#### Source material:
+===+

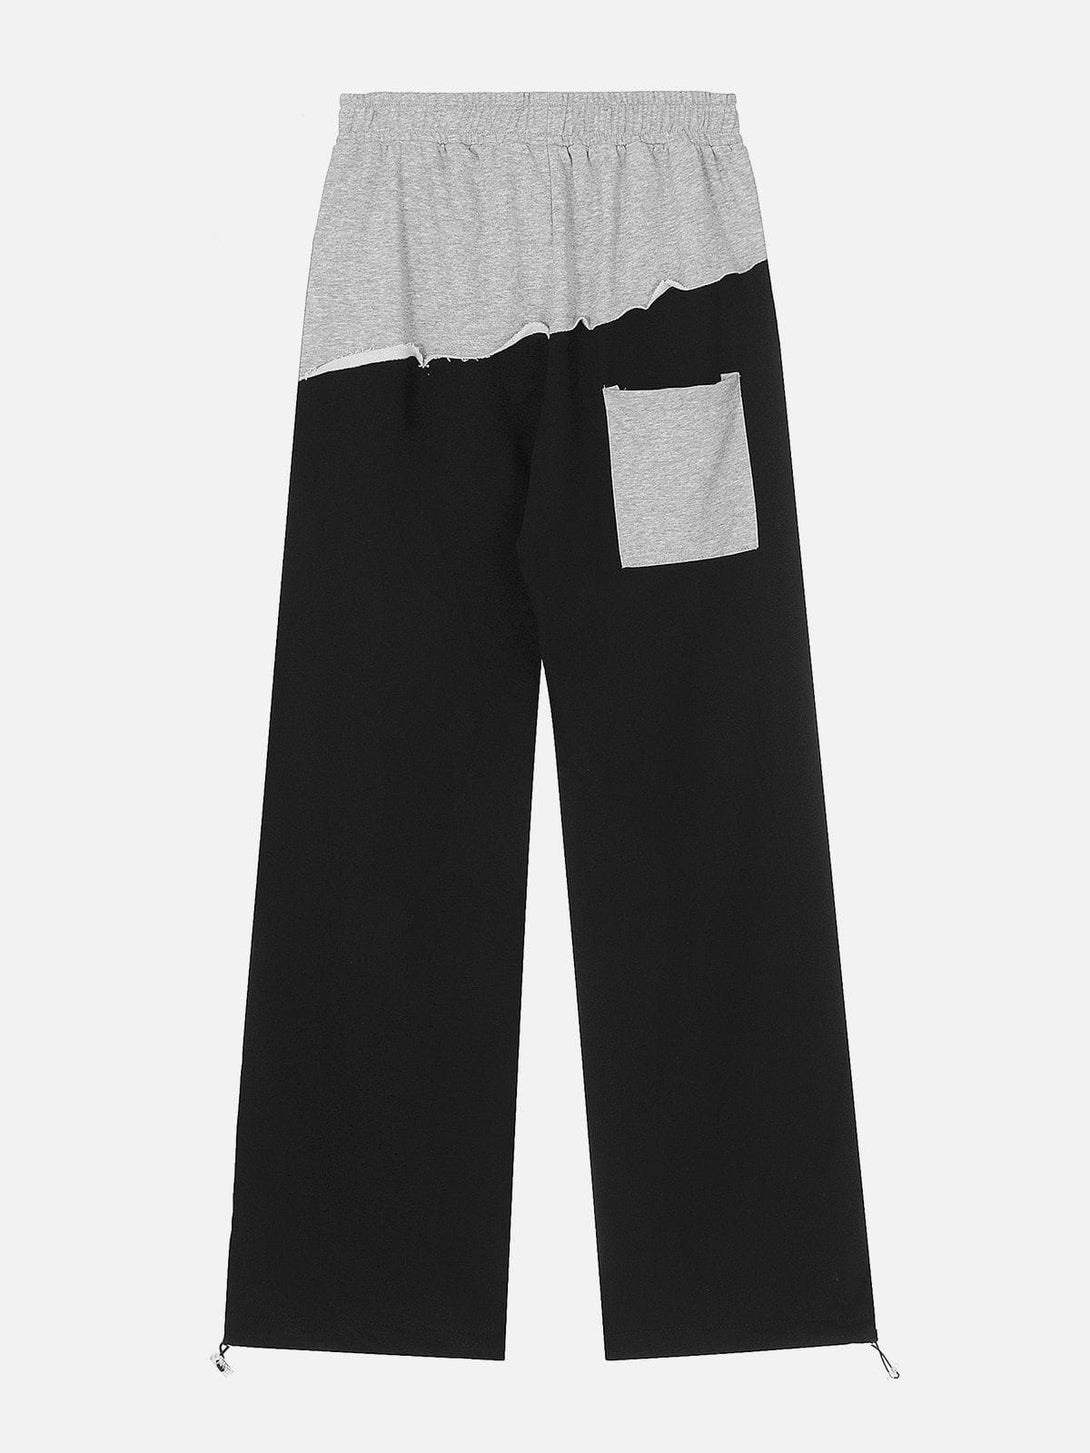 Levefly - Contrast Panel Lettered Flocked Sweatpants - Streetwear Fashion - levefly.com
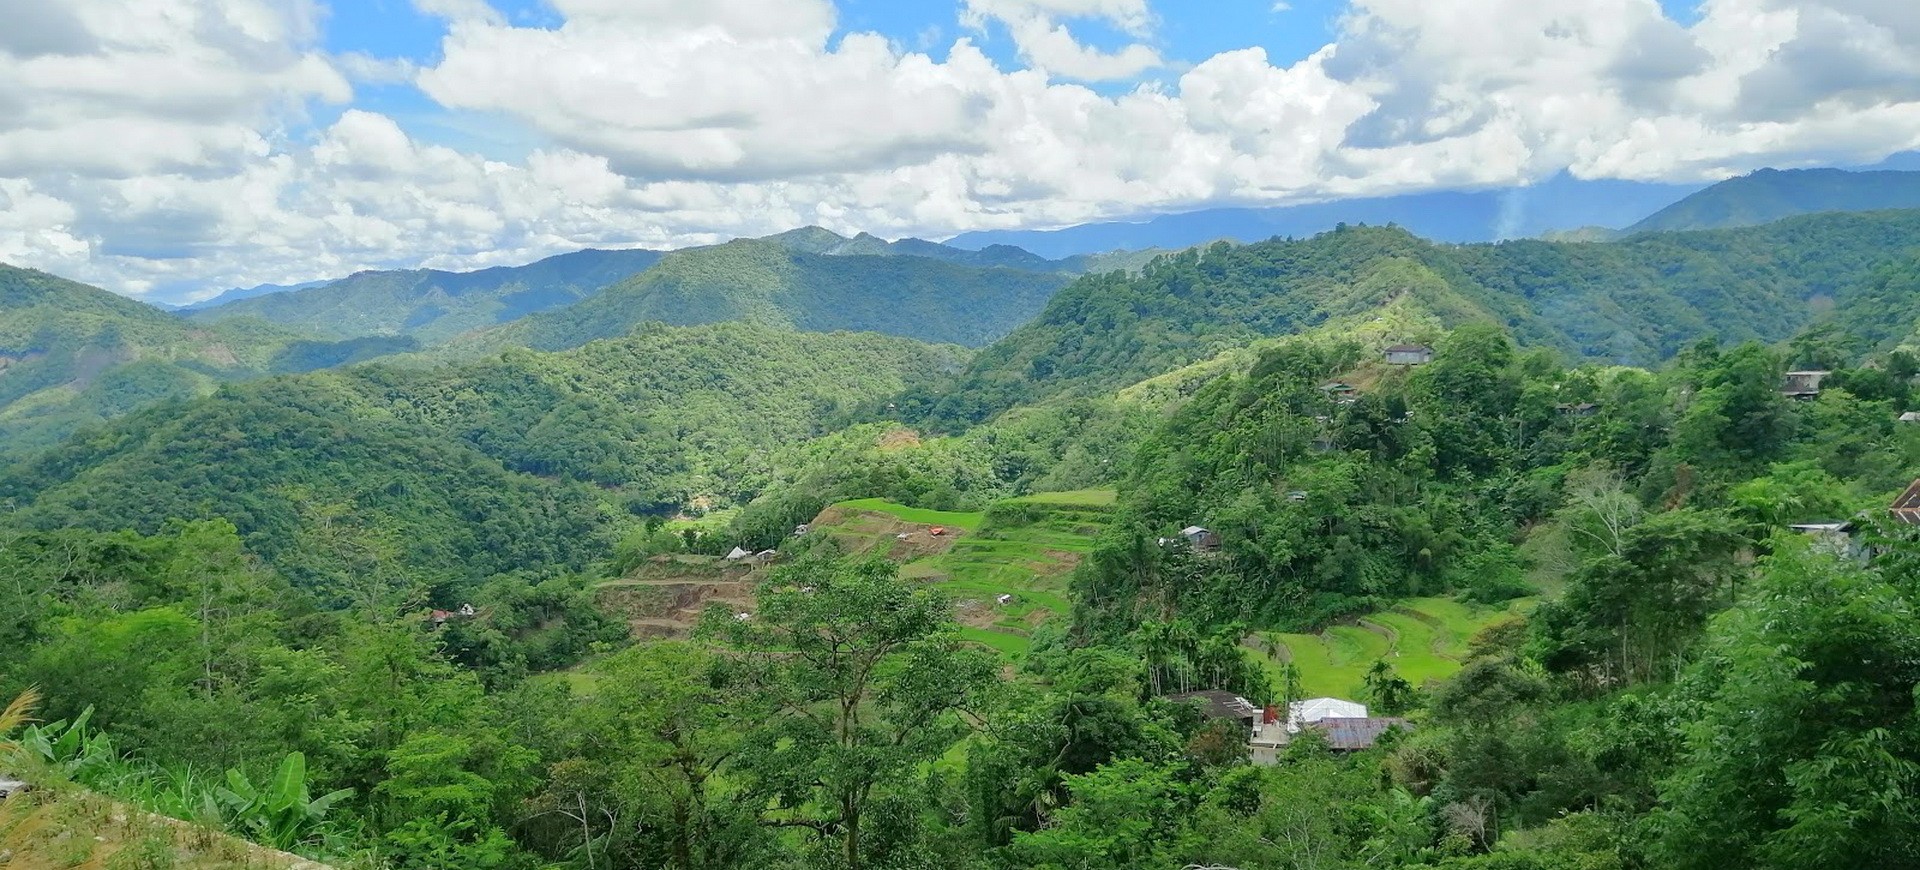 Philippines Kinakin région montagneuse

+===+

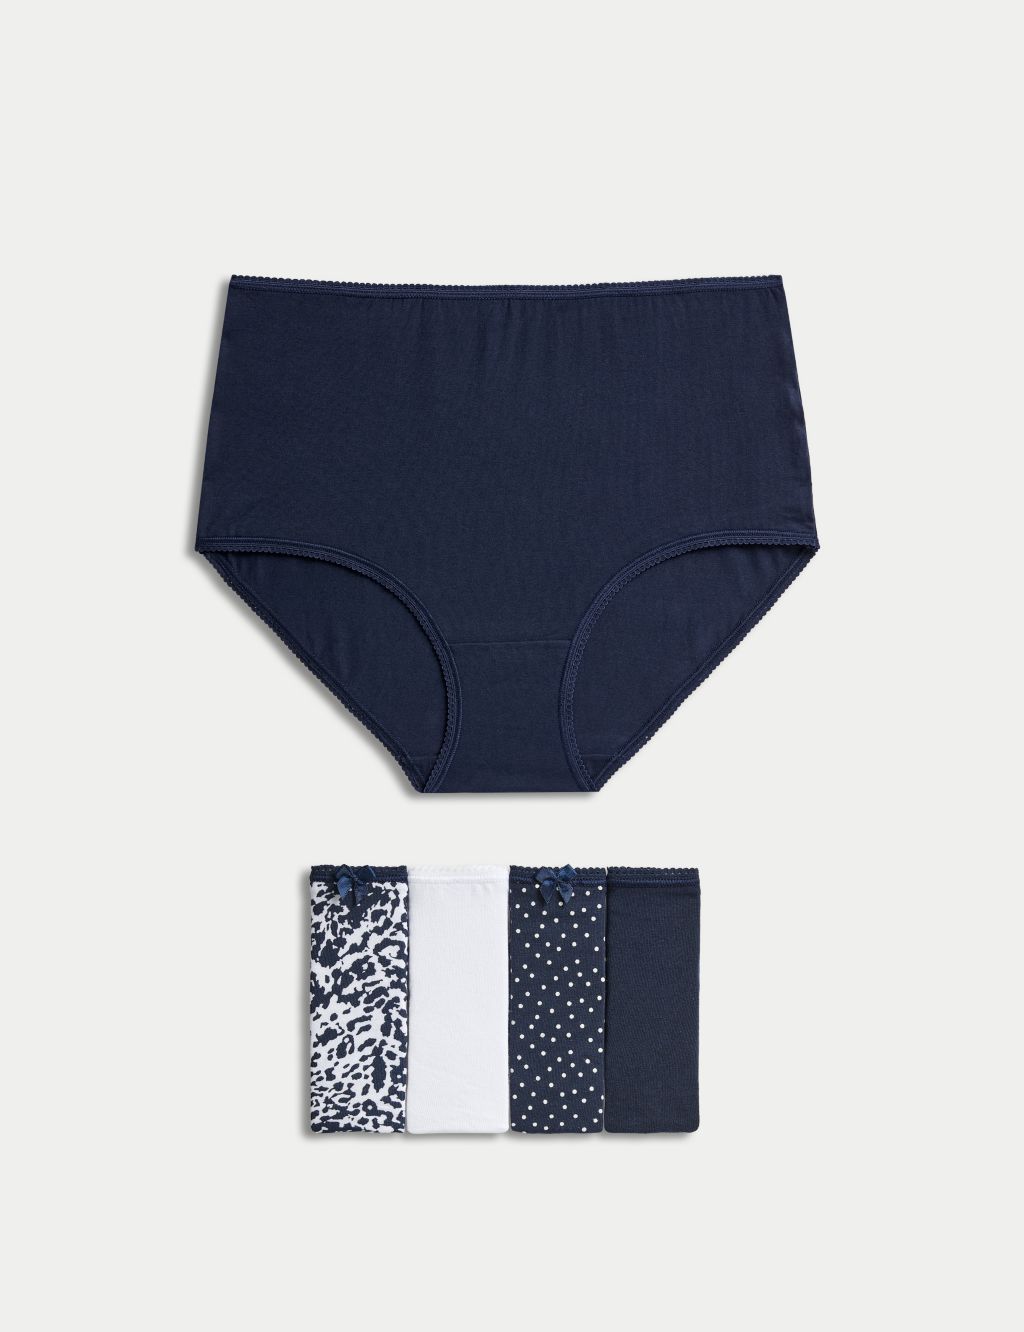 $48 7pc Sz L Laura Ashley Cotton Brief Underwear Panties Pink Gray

+===+

#### Your assignment:
From the records above, return exactly the lines running from the one that contains "Levefly - Contrast" down to the one that contains "Philippines Kinakin région montagneuse", both included, without any pictures.

#### Output for this exercise:
 Levefly - Contrast Panel Lettered Flocked Sweatpants - Streetwear Fashion - levefly.com
 Philippines Kinakin région montagneuse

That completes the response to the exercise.